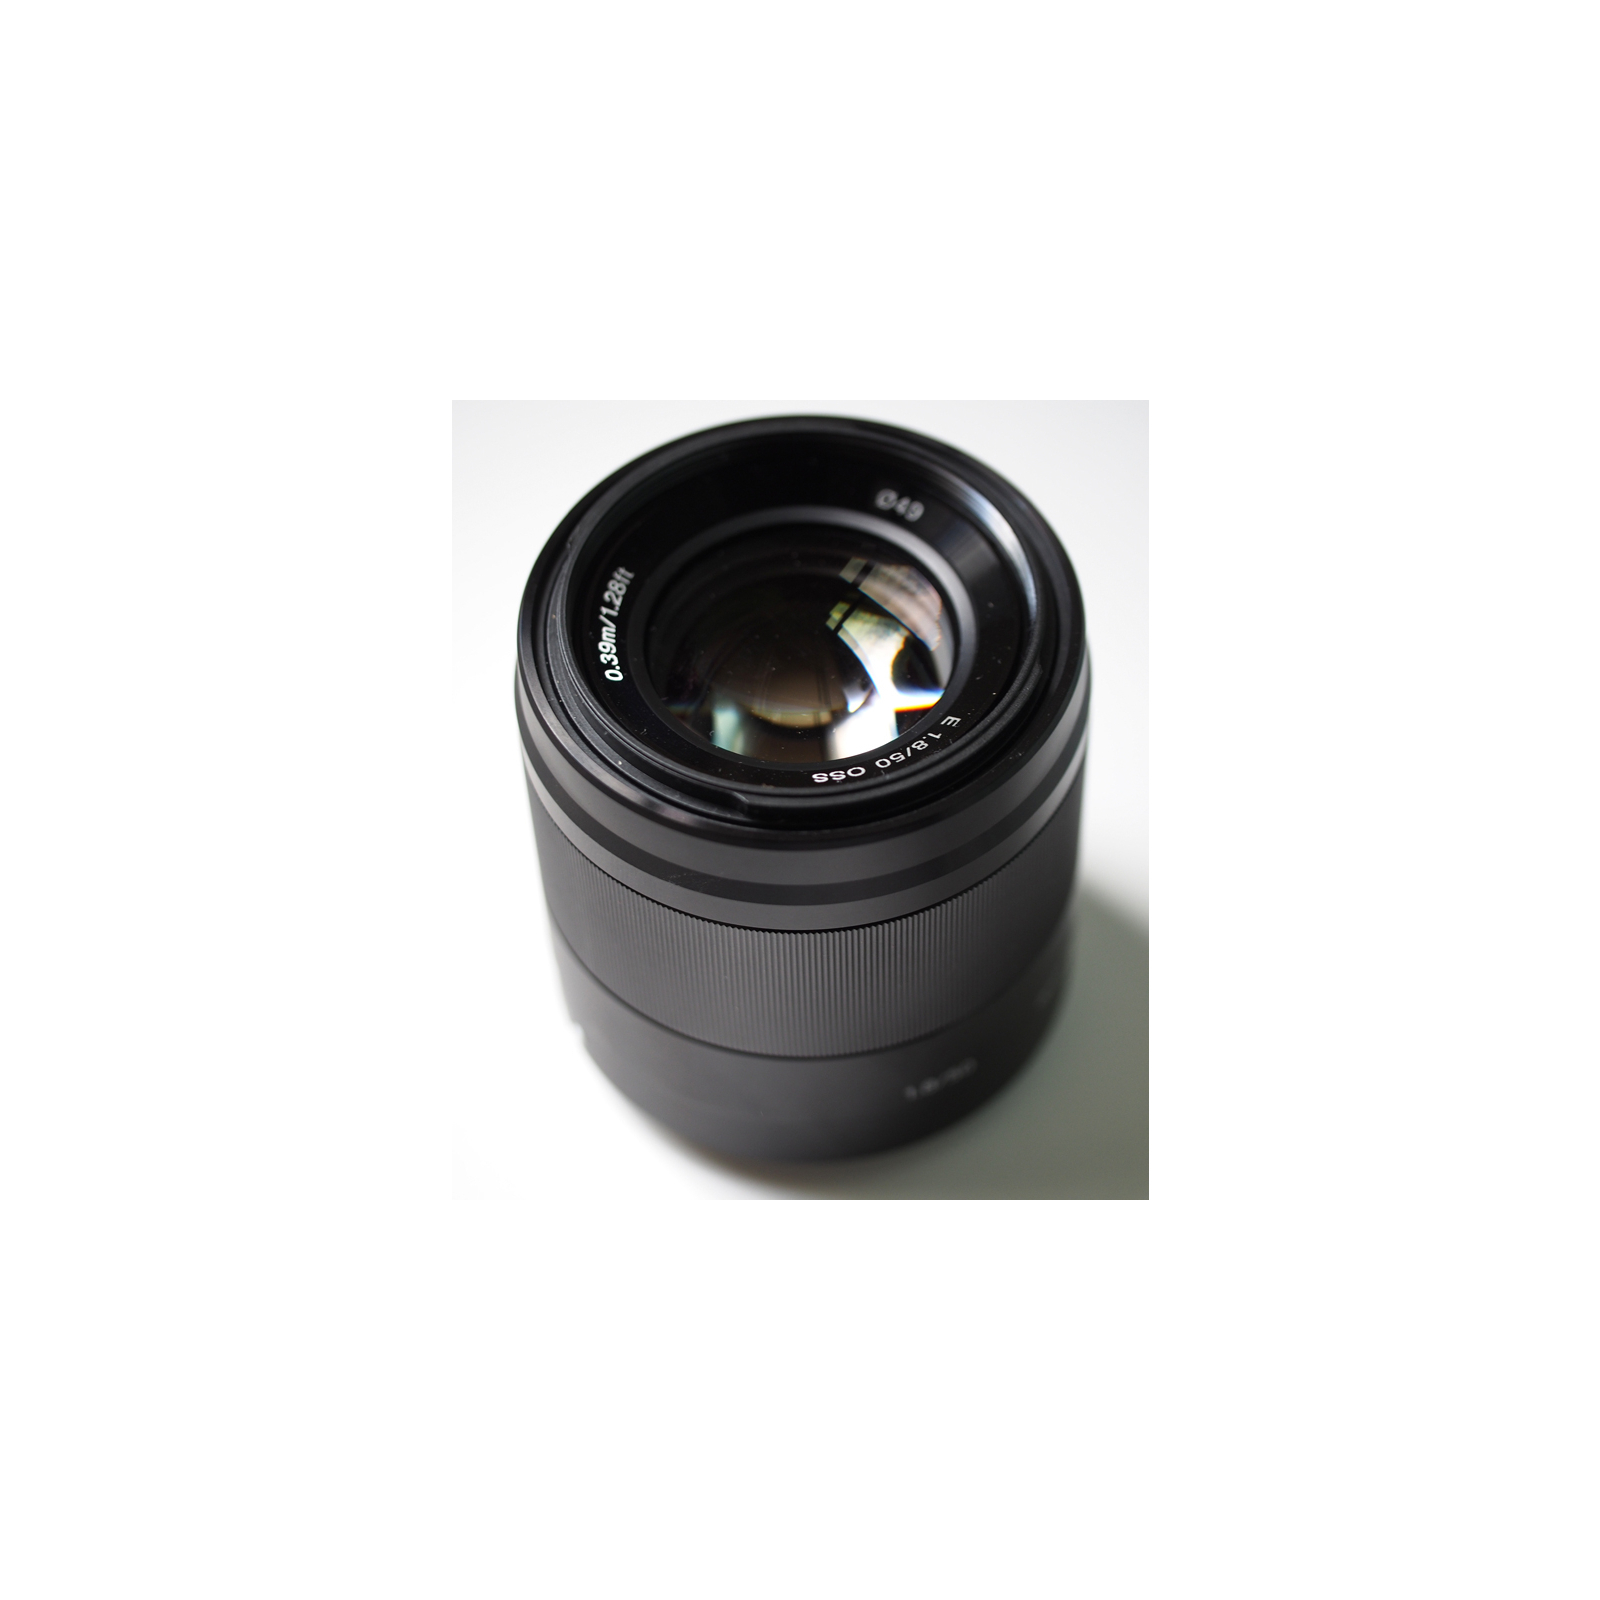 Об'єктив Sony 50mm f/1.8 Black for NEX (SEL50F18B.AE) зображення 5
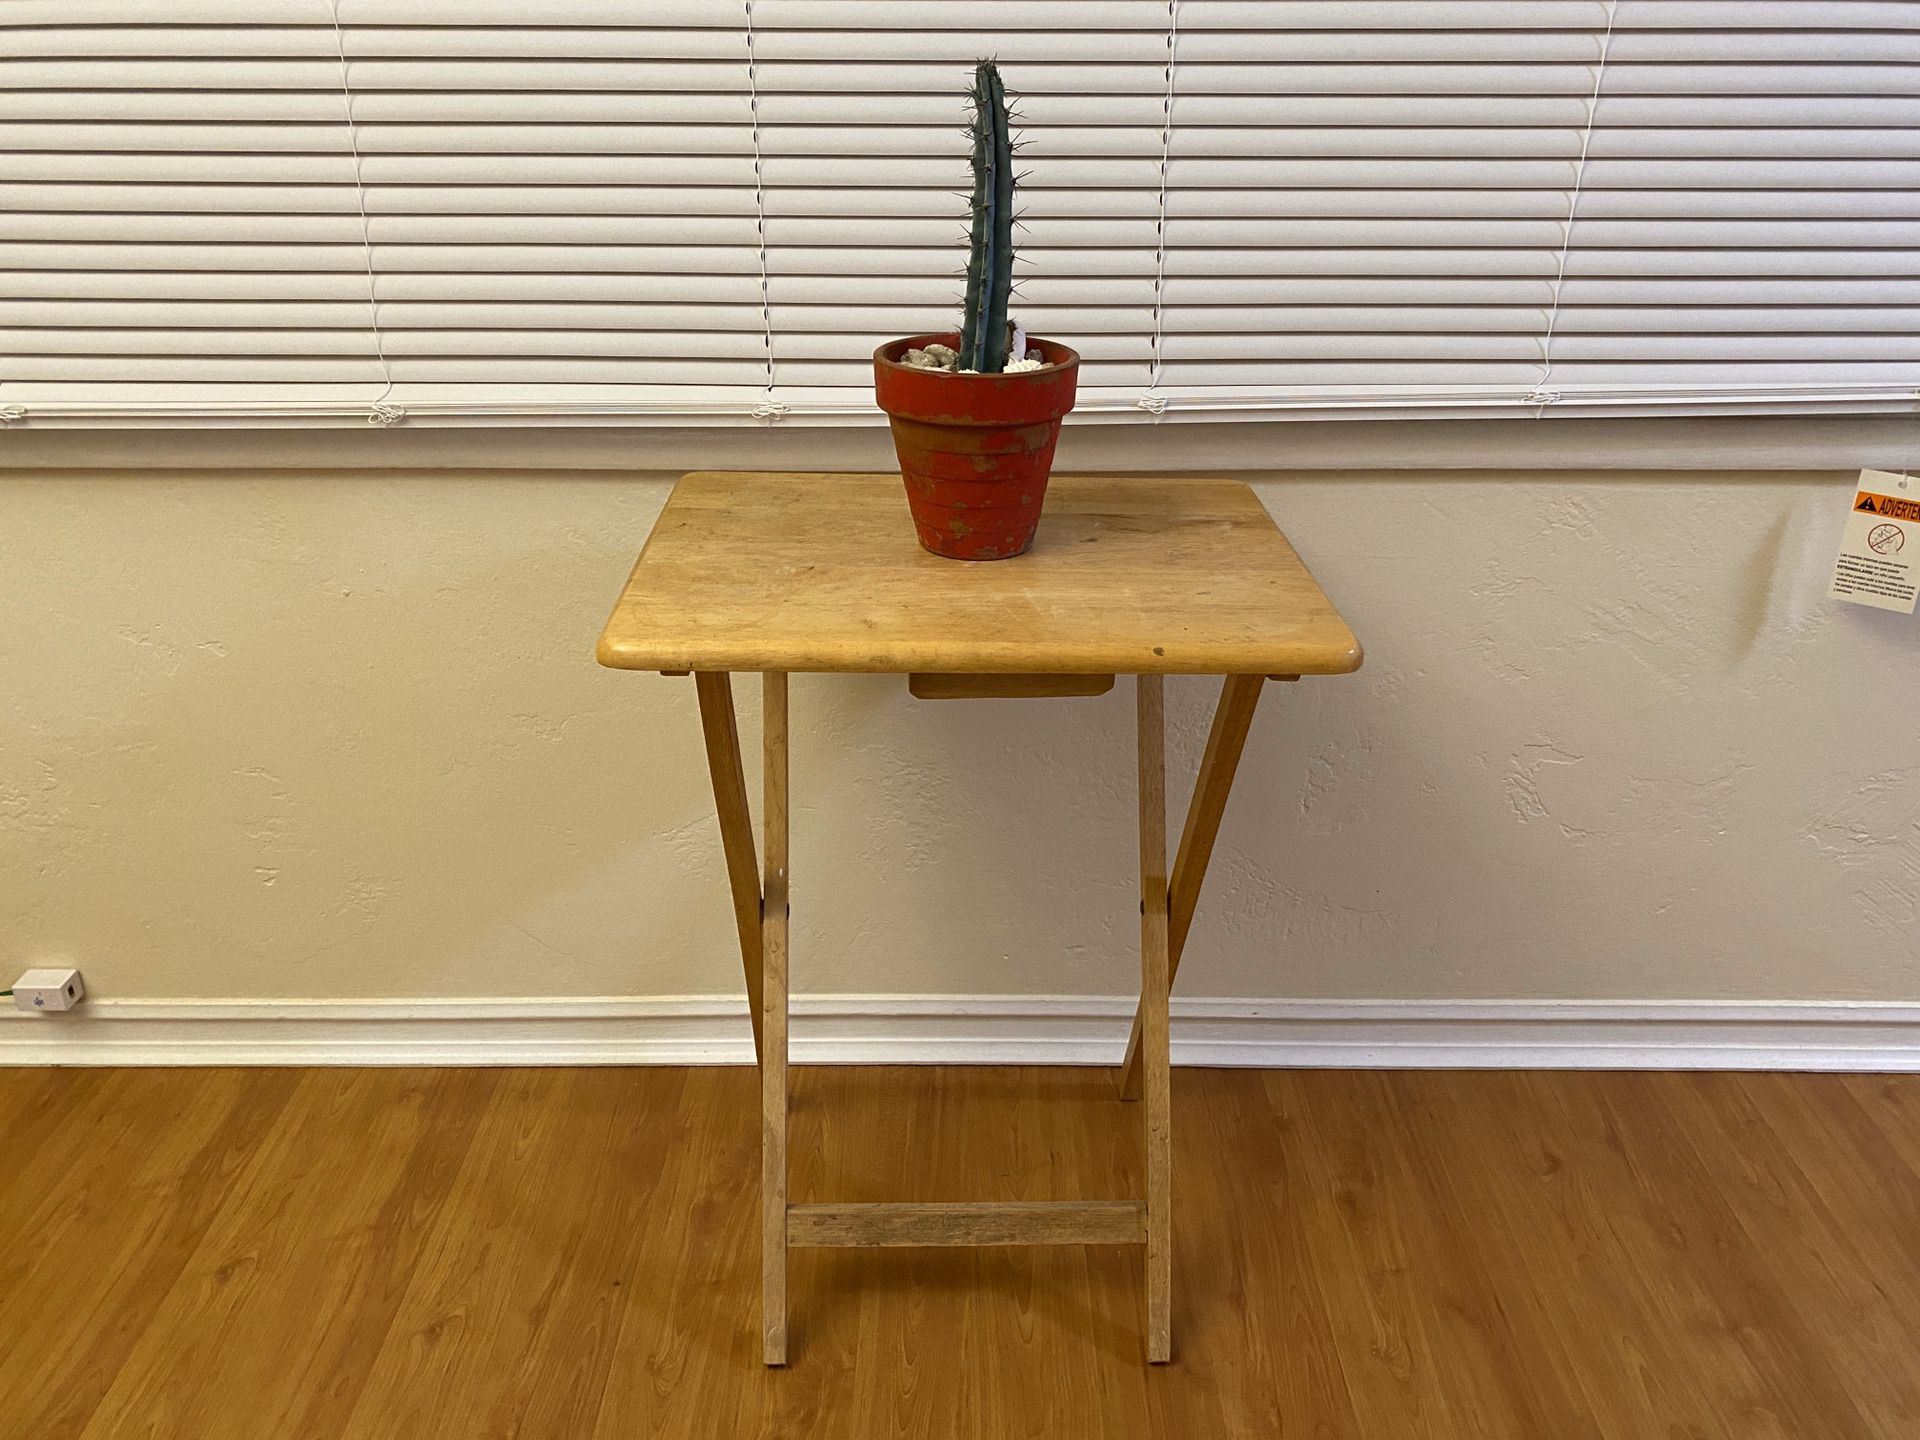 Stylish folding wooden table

* * *

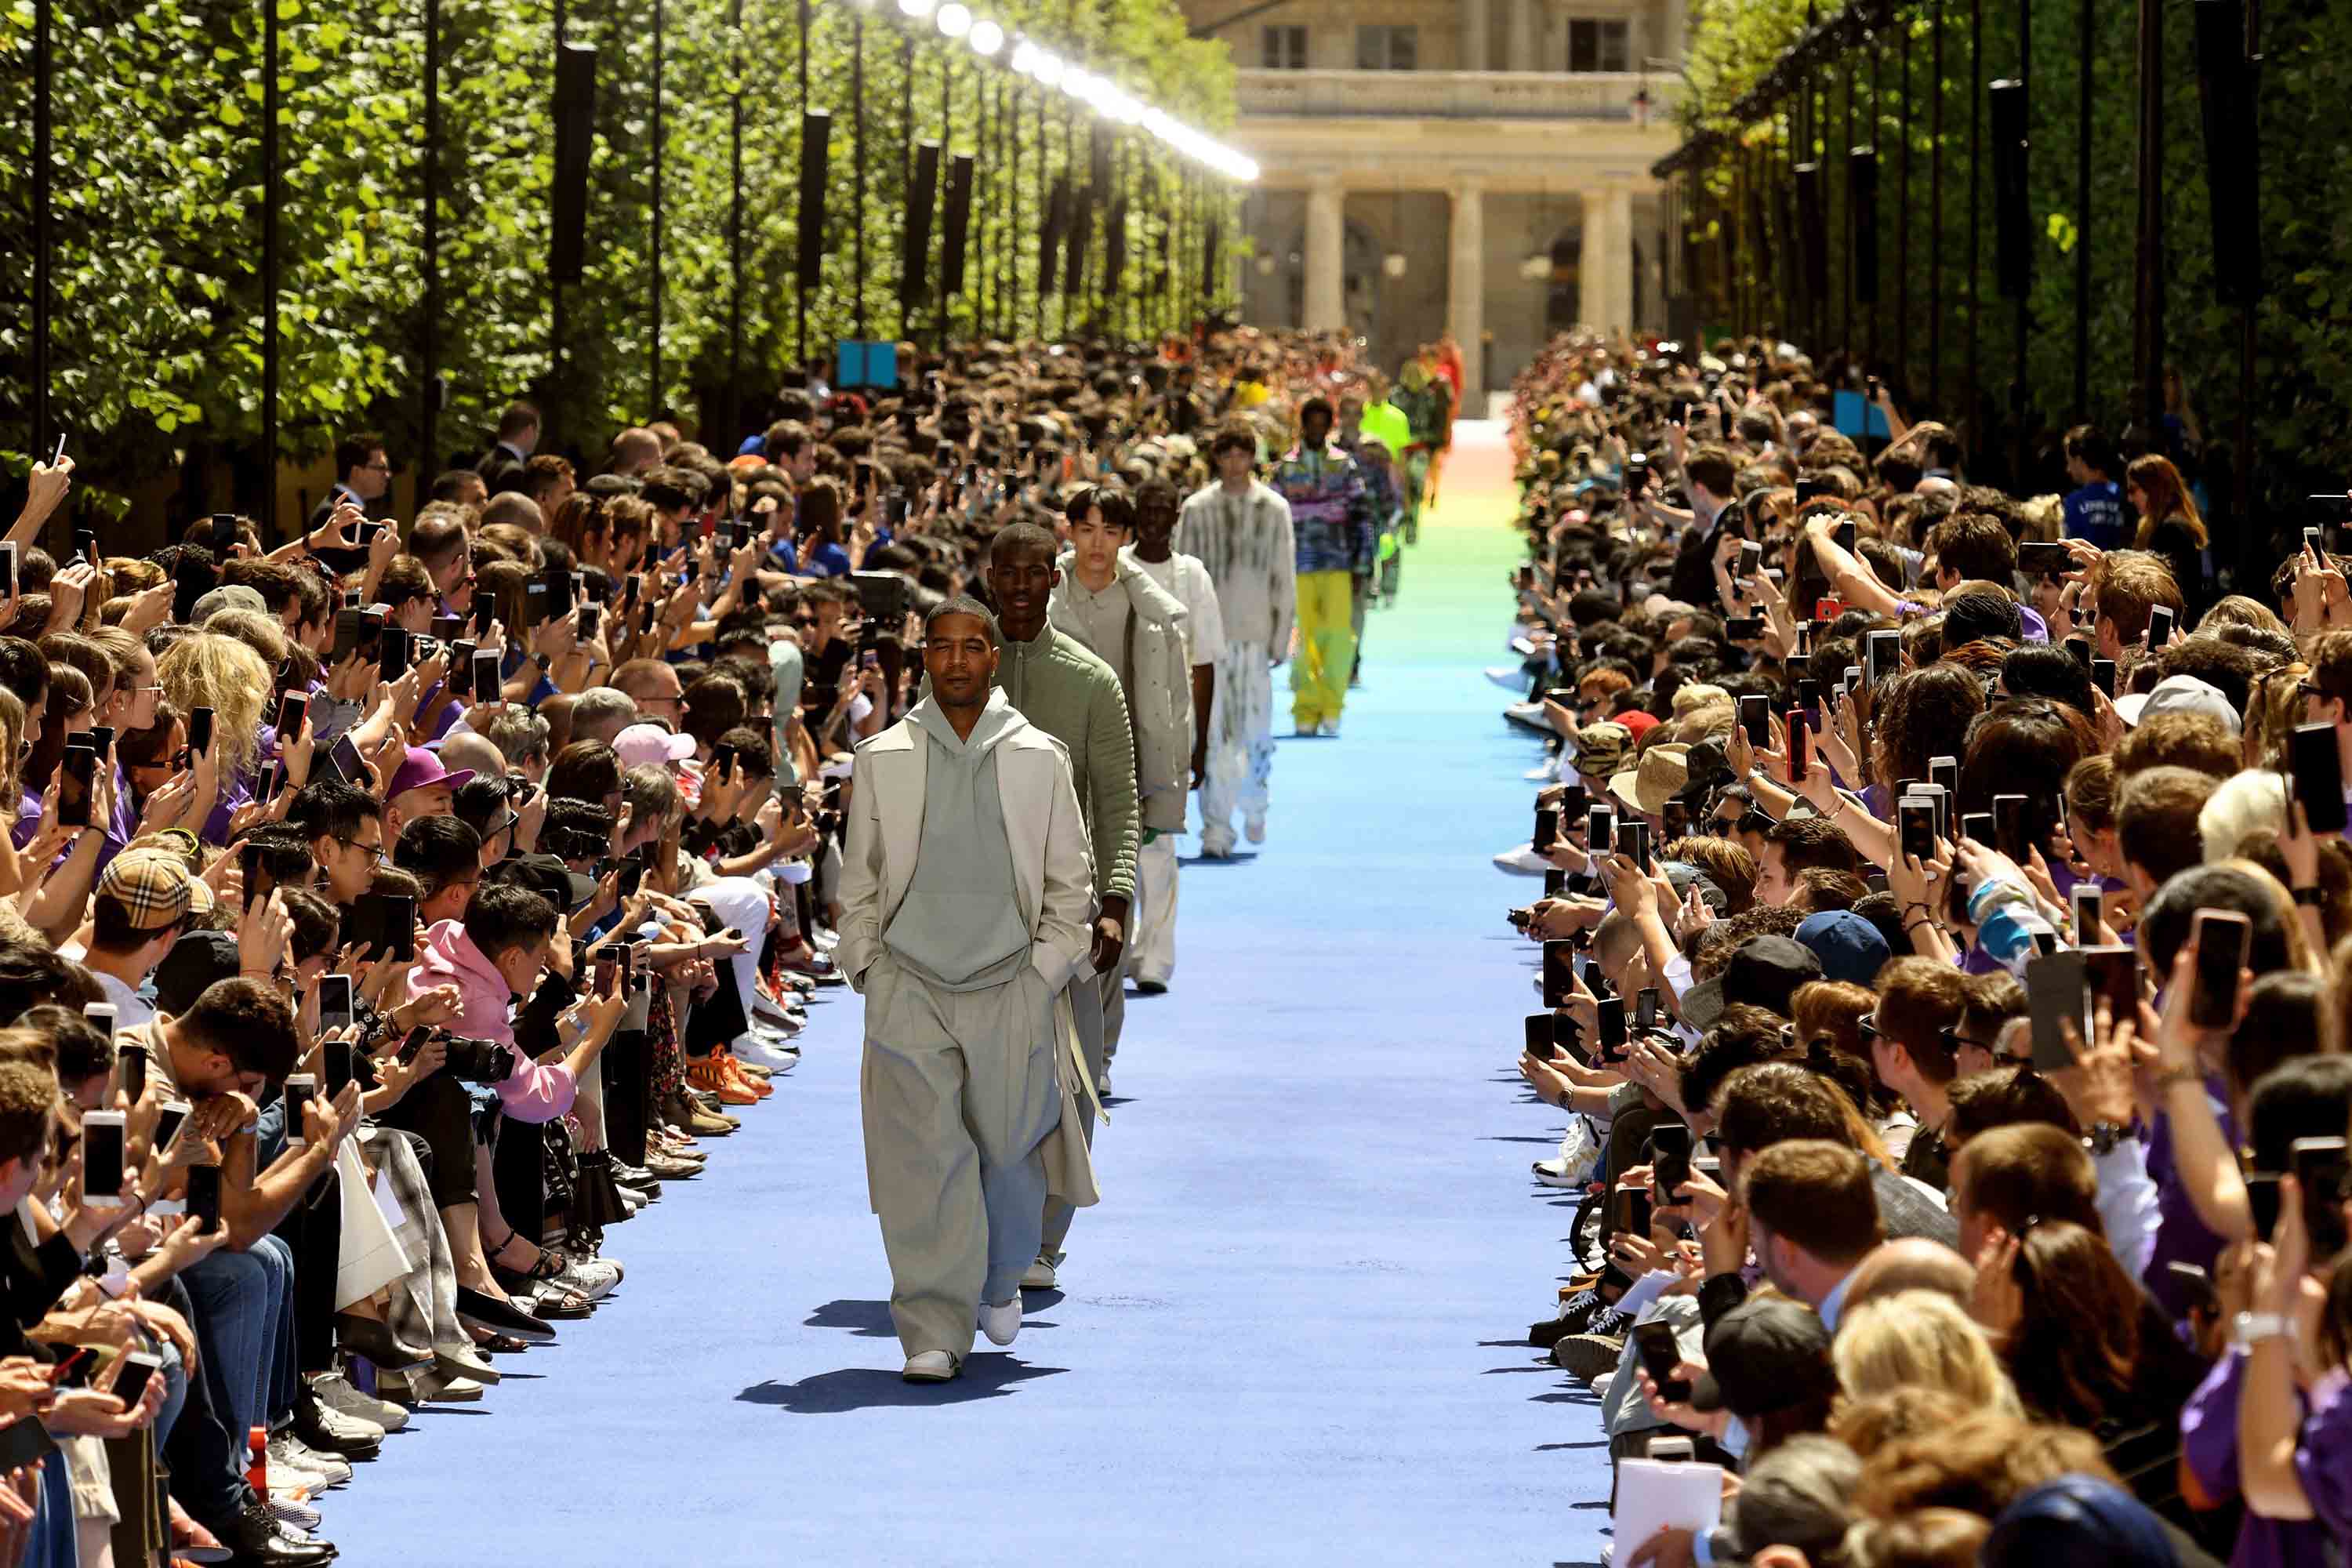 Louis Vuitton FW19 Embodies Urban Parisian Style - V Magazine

### Exercise goal
Exercise for the records above: copy only the lines from the one with "Об'єктив Sony 50mm" to the one with "Stylish folding wooden table", both ends kept, and drop the pictures.

### Problem solution
 Об'єктив Sony 50mm f/1.8 Black for NEX (SEL50F18B.AE) зображення 5
 Stylish folding wooden table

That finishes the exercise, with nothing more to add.